New ecstasy laced mistletoe is a hit… but makes for awkward family reunions
A Newark company’s creation of a patent pending yuletide mistletoe has changed the game. Before concocting this wreath of lust, most revelers of Christmas had to muster up the courage to engage in what would become a meaningless peck of the lips to symbolize affection.
But now, using an imported Netherlands ecstasy of only the finest grade, your encounter under the mistletoe could end in the no pants dance. “It’s like I’m in a state of euphoria” says Yedidya Goldsmith, “one minute I’m sipping some eggnog and the next minute I’m half naked feeling like Barry White”.
Spirit of Christmas?
Mistletoe may never be the same. But not all are excited to know that all sense of reasonableness could be lost on such a sacred holiday. “I mean, Christmas is classy”
says Bunny Cinnamon, “I have been dancing for years on Christmas Eve just to get people in the mood, I’m outta business! I mean god, people are trashy!”
Chestnuts on an Open Fire
It’s expected to hit the stores soon after approval by the FDA, so count on a rush come Black Friday.
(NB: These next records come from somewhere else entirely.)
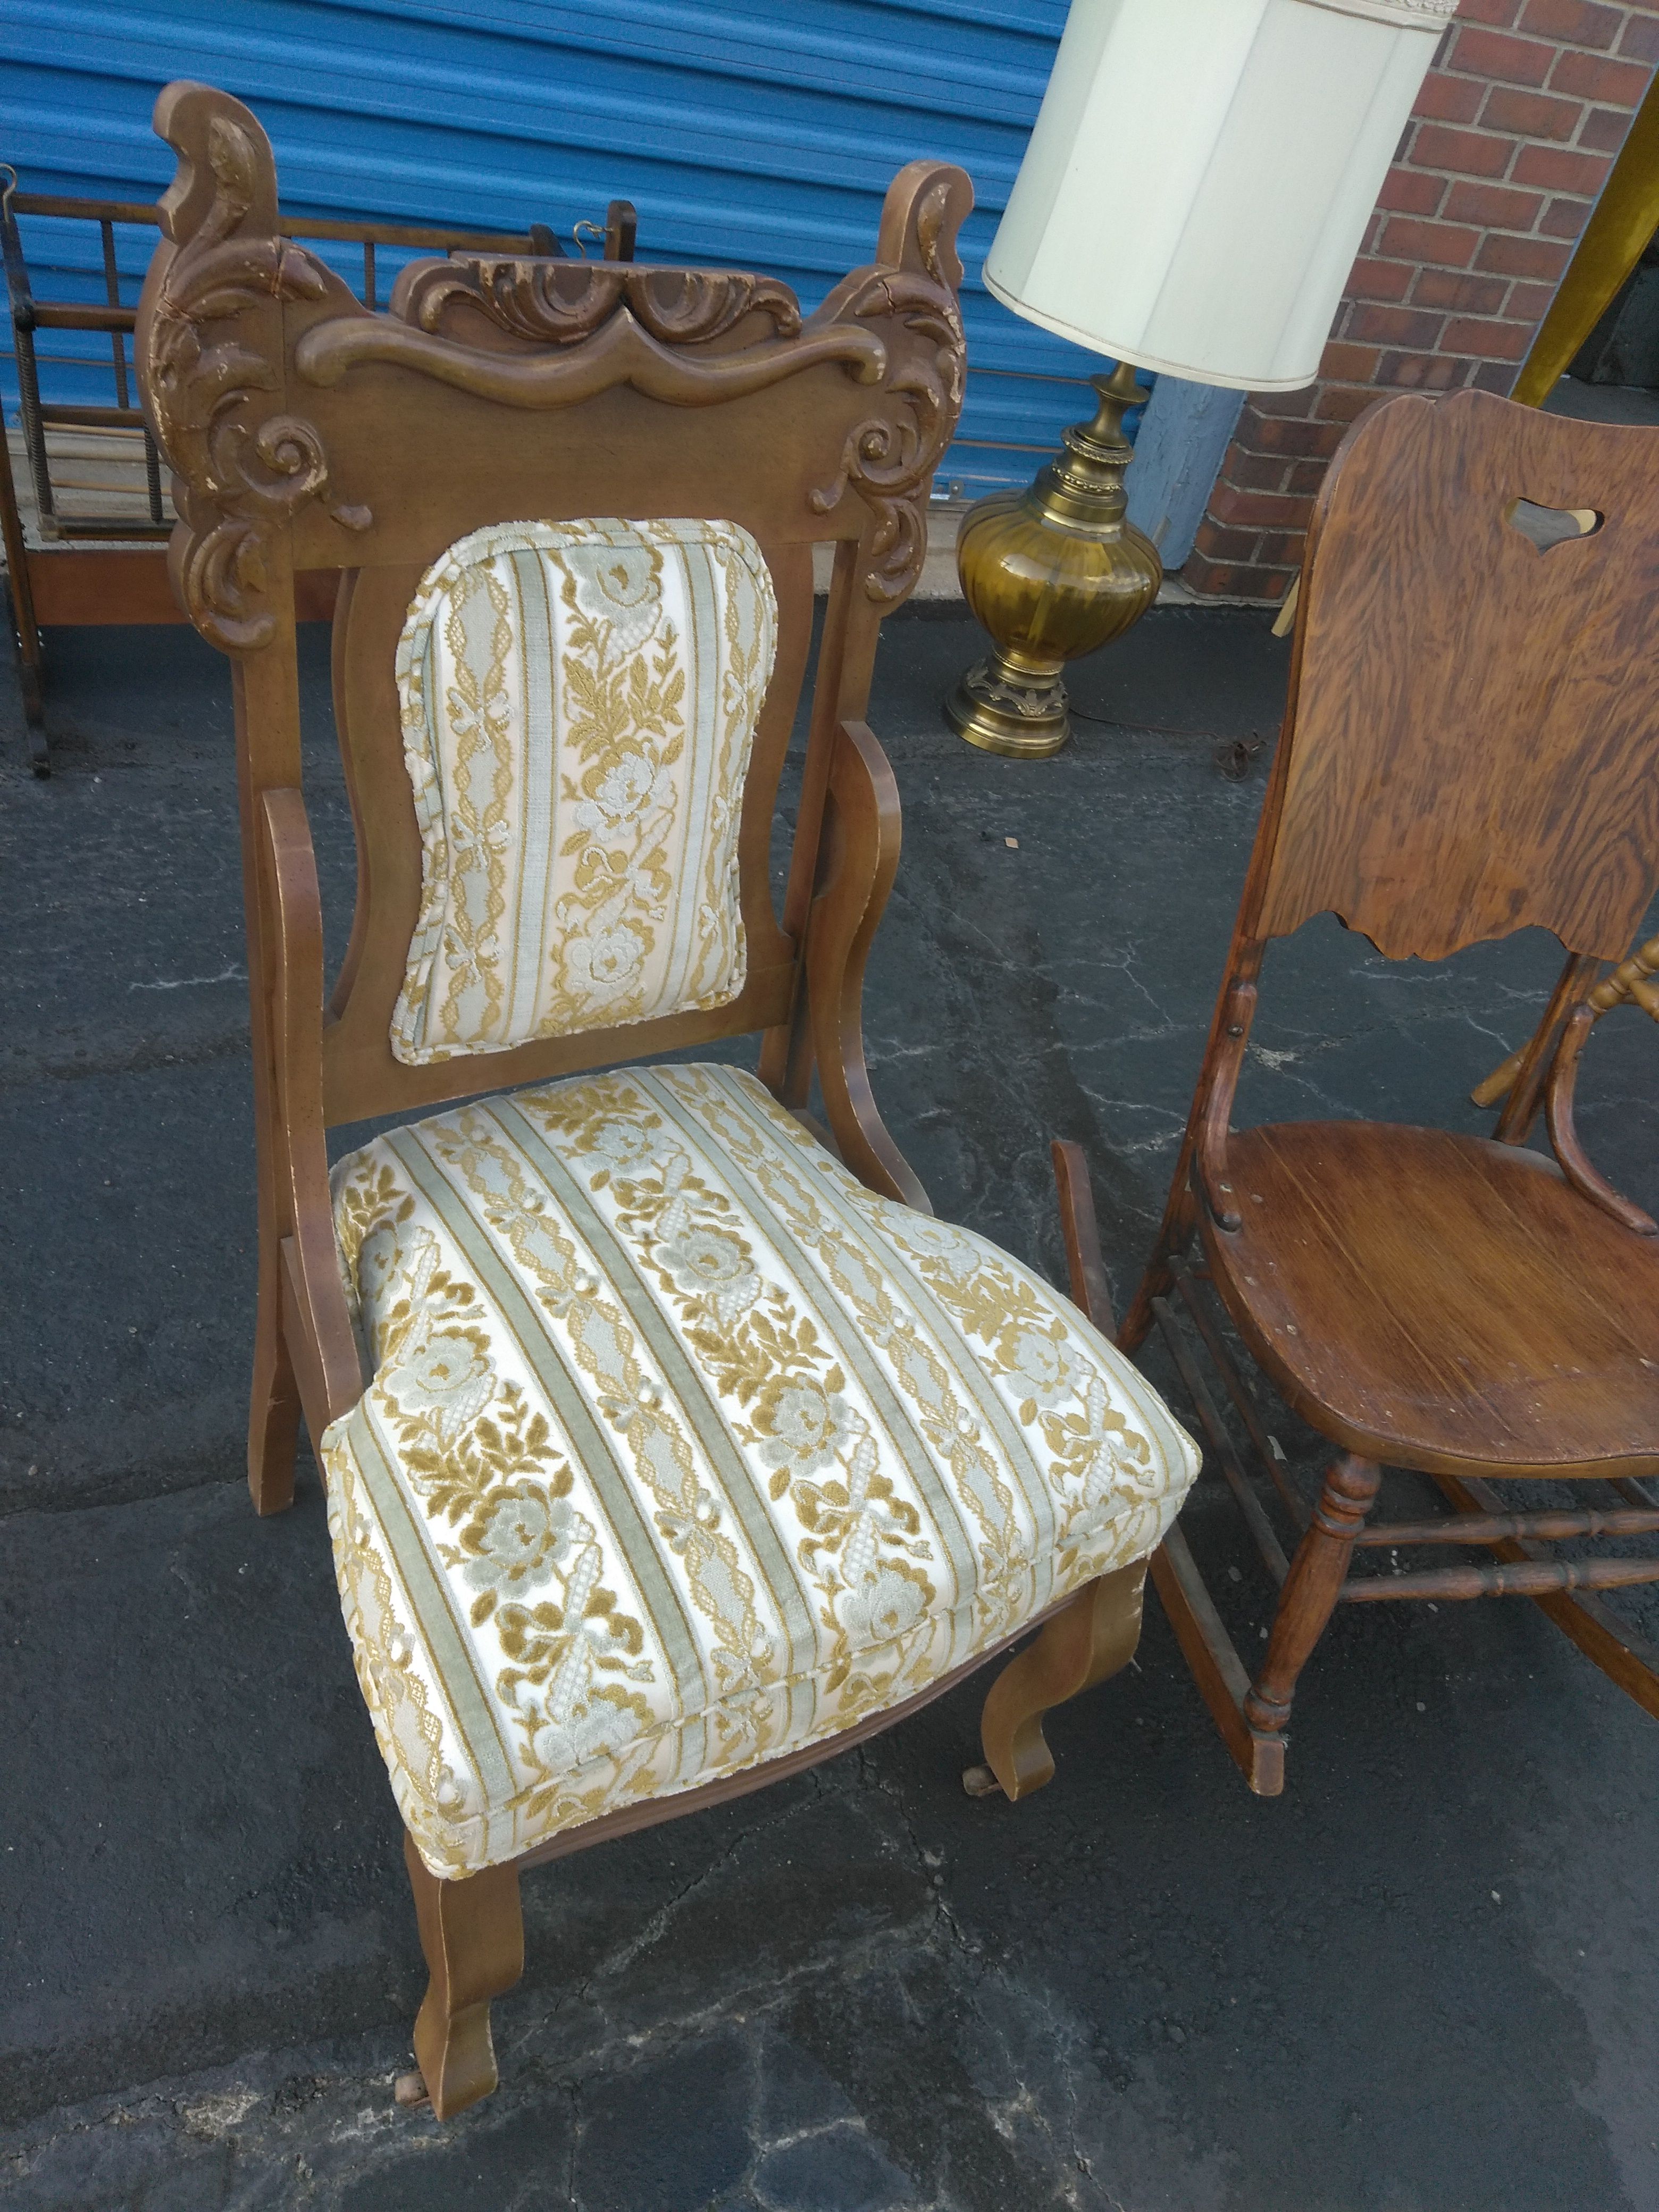 !!! Vintage chair or rocker $10 !!!
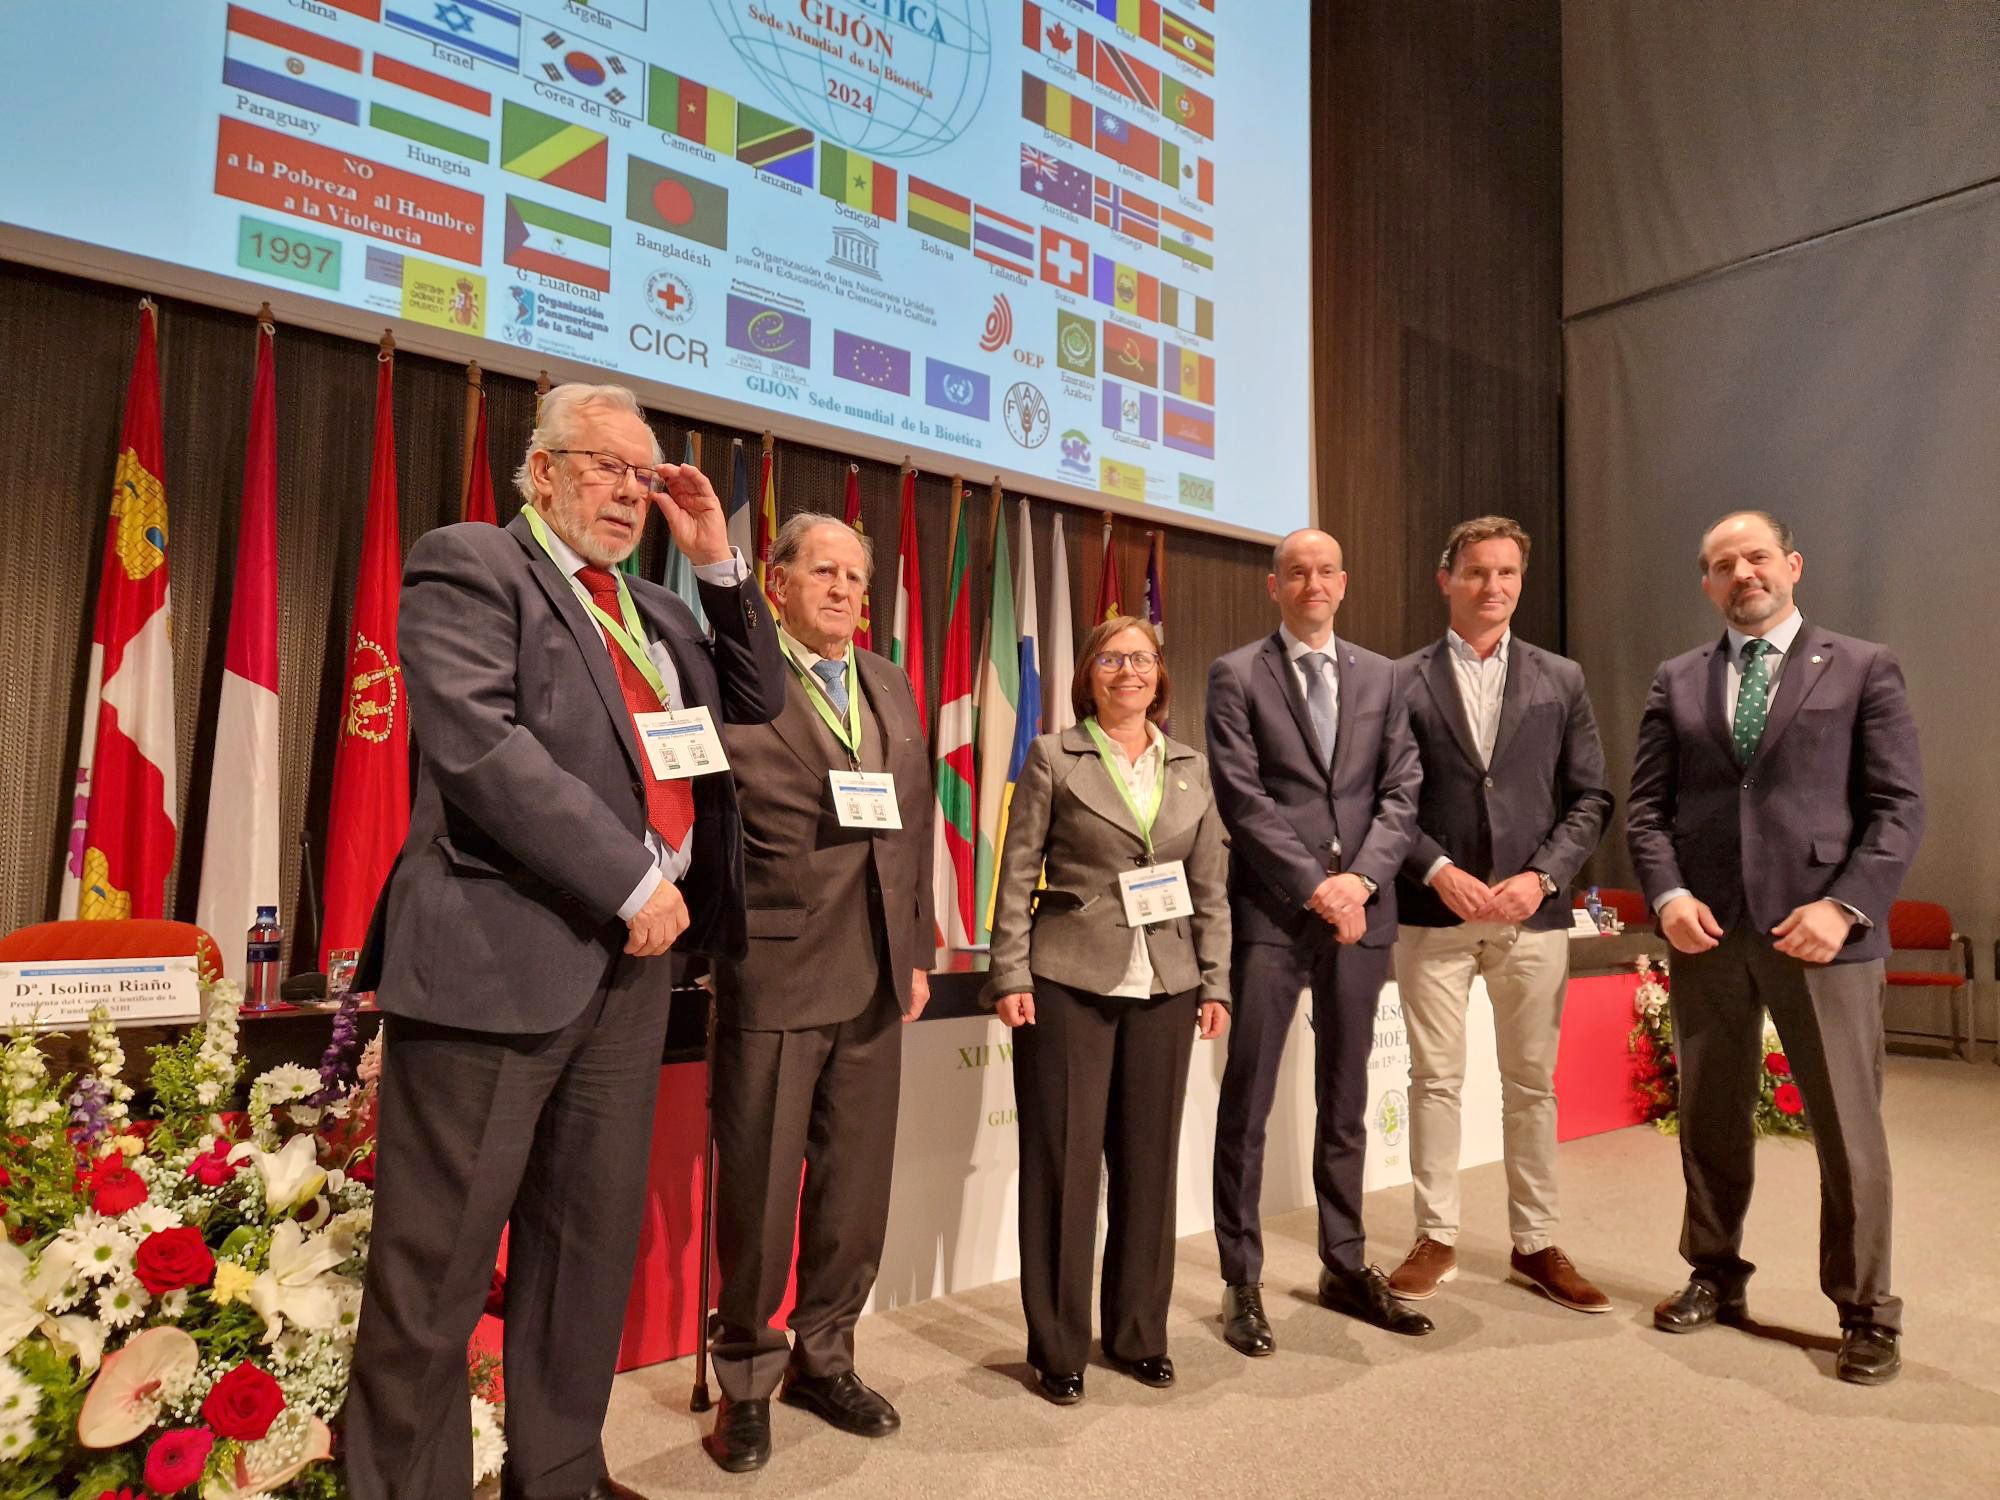 La clausura del Congreso Mundial de Bioética en Gijón, en imágenes
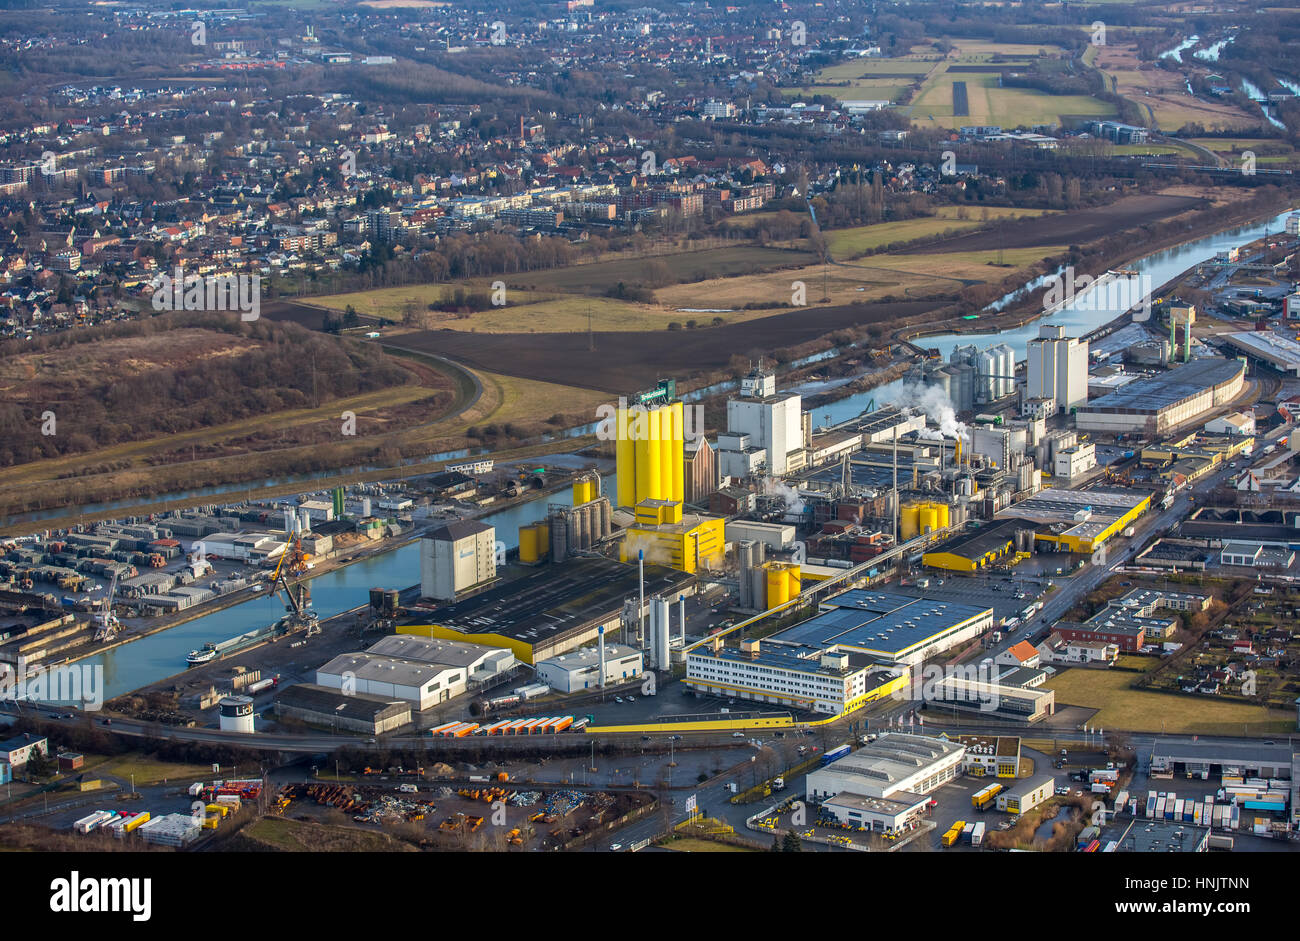 Port de Hamm, moulin à huile Brökelmann, producteur de pétrole, Hamm, Ruhr, Rhénanie du Nord-Westphalie, Allemagne Banque D'Images

However, although its sure to add spice to the holiday festivities, recent testing at the companies secret Nevada laboratory has caused reason for concern. “We had several families come and spend their weekend at our all inclusive 24/7 Christmas themed compound to test our mistletoe. It seems as though we may have the dosage too high… umm thats all I’ll say.” says director Carl McDonald.
Yes Christmas may never be the same. Crappy sweaters and burnt out Bing Crosby songs will feel like Chinese water torture without this new creation. So keep it a secret, and keep the family away! Opening Christmas gifts may soon get really boring… unless they’re Trojans!